Harmful “Opportunity Scholarship” voucher programs undermine public education, foster division, and undermine children’s development while also costing the state millions

Since 2015, the Opportunity Scholarship voucher program has drained limited state resources from our schools. During the 2020 legislative session, the General Assembly modified the program, and these changes are expected to increase costs by approximately $272 million over the next 10 years. For state lawmakers, the added costs of the Opportunity Scholarship voucher program will lessen funding availability for other state government responsibilities. For school district leaders, the changes will exacerbate the budget pressures caused by declining enrollment.

These changes represent the latest expansion of the voucher program’s eligibility and overall size.

Initially, the program required eligible students to reside in families with incomes less than 185 percent of the federal poverty level. Income eligibility was increased to 246 percent of the federal poverty level in the program’s second year.

Funding changes have permitted the program to grow substantially. The program was initially capped at $10.8 million per year, but quickly grew to a $24.8 million program by 2016-17. In the 2016 Appropriations Act, the General Assembly took the unusual step of providing the Opportunity Scholarship voucher program with substantial funding increases through the 2027-28 fiscal year that would bring total program funding to $144.8 million per year.

Available funding has exceeded demand for vouchers in every year of the program’s existence. Despite this, the Opportunity Scholarship voucher program is the only education program in the state with scheduled funding increases through the 2027-28 fiscal year.

For the time being, these scheduled funding increases and the value of the voucher remain unchanged.

Of course, financial concerns are just one negative aspect of voucher programs. These programs fundamentally seek to reimagine schooling as an individualistic pursuit. Like other market-based schooling schemes, vouchers pit schools and students against each other, whereas a strong public school system recognizes and builds upon the shared benefits that a quality education imparts on students as well as the broader society.

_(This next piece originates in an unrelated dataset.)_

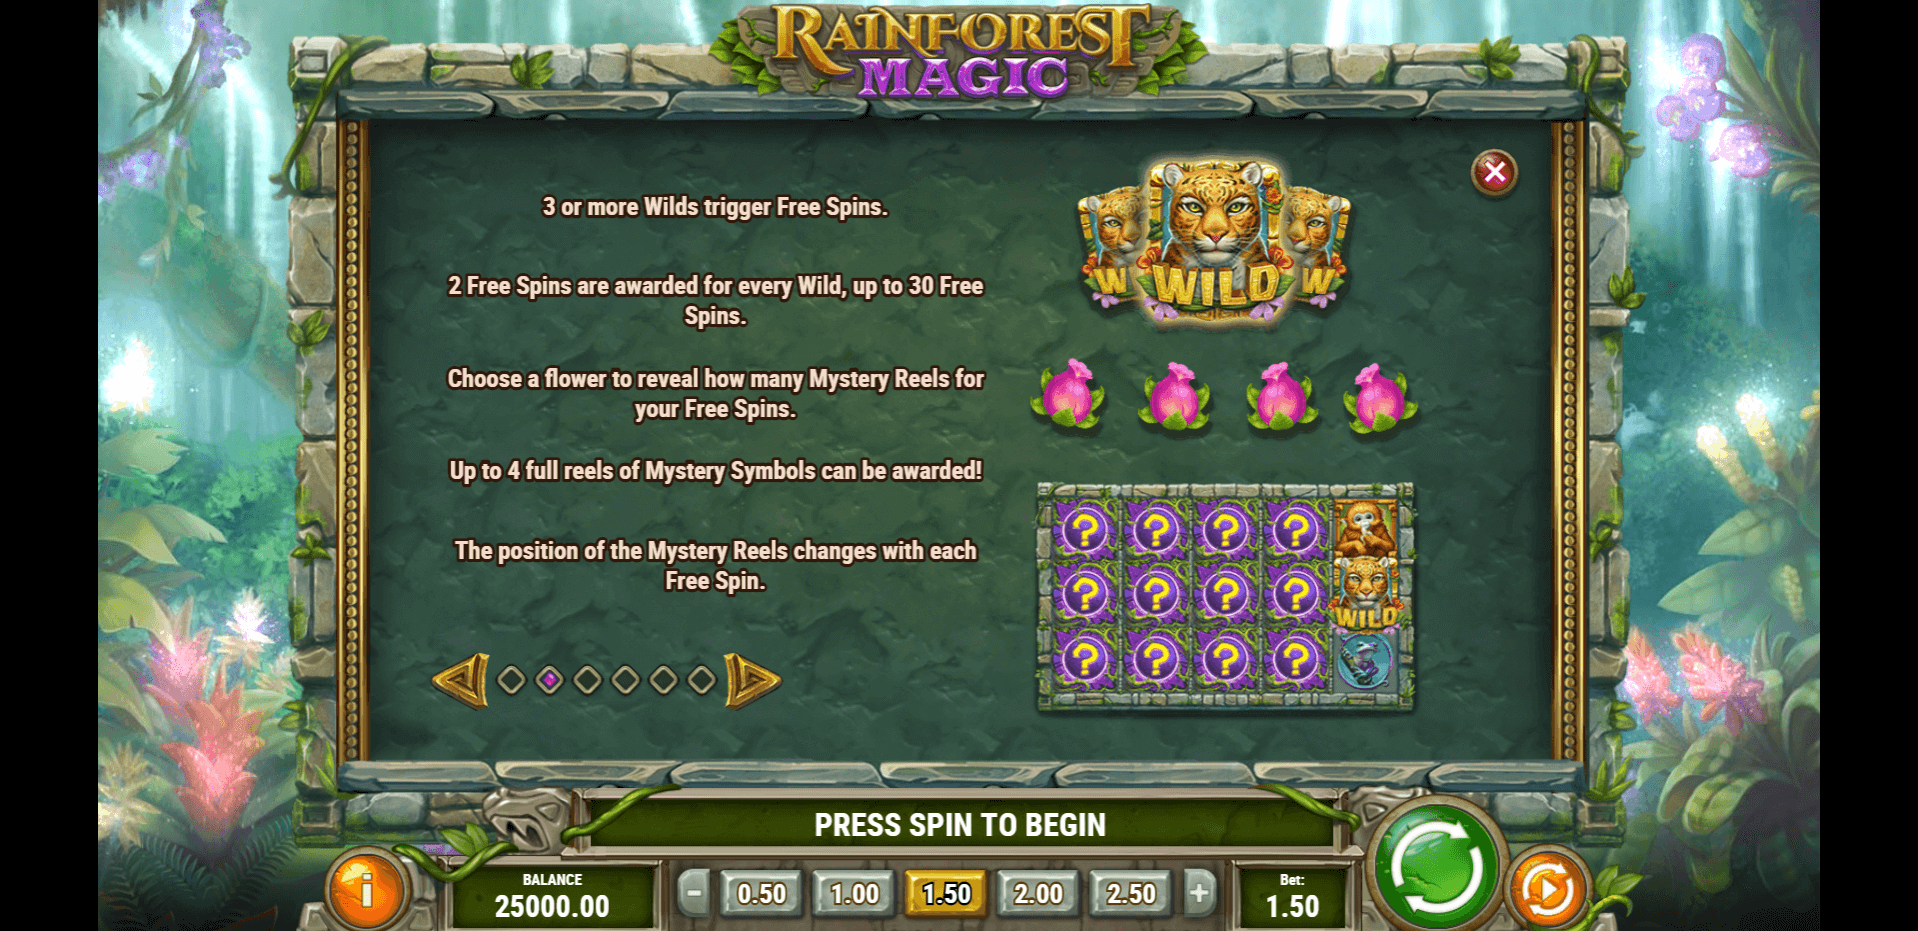 rainforest magic slot machine detail image 1

How Voucher Programs Affect State Budgets

Under a voucher program, the state provides public funds for a child to attend a private school. According to proponents, voucher programs save the state money when the size of the voucher is less than what the state spends per child on public schools. For example, if a state spends $5,000 per student on public schools and provides a voucher of $4,000, the state saves $1,000 for every child who accepts the voucher and leaves public school to attend a private school. The state spends $4,000 on the voucher, but there’s an offsetting reduction of expenditures on public schools of $5,000.

This simple example falls apart, however, if vouchers are awarded to children who were already attending or planning to attend a private school. When vouchers are provided to such students, there is no offsetting reduction in state expenditures on its schools. In these cases, the $4,000 expenditure is a pure loss for the state.

The eligibility requirements of voucher programs can limit – or extend – the number of vouchers awarded to students who would have attended a private school even in the absence of the voucher program. Common measures include requiring voucher students to have been previously enrolled in a public school. Income limits can also minimize the extent to which vouchers are awarded to students who would have attended a private school in the absence of the voucher program.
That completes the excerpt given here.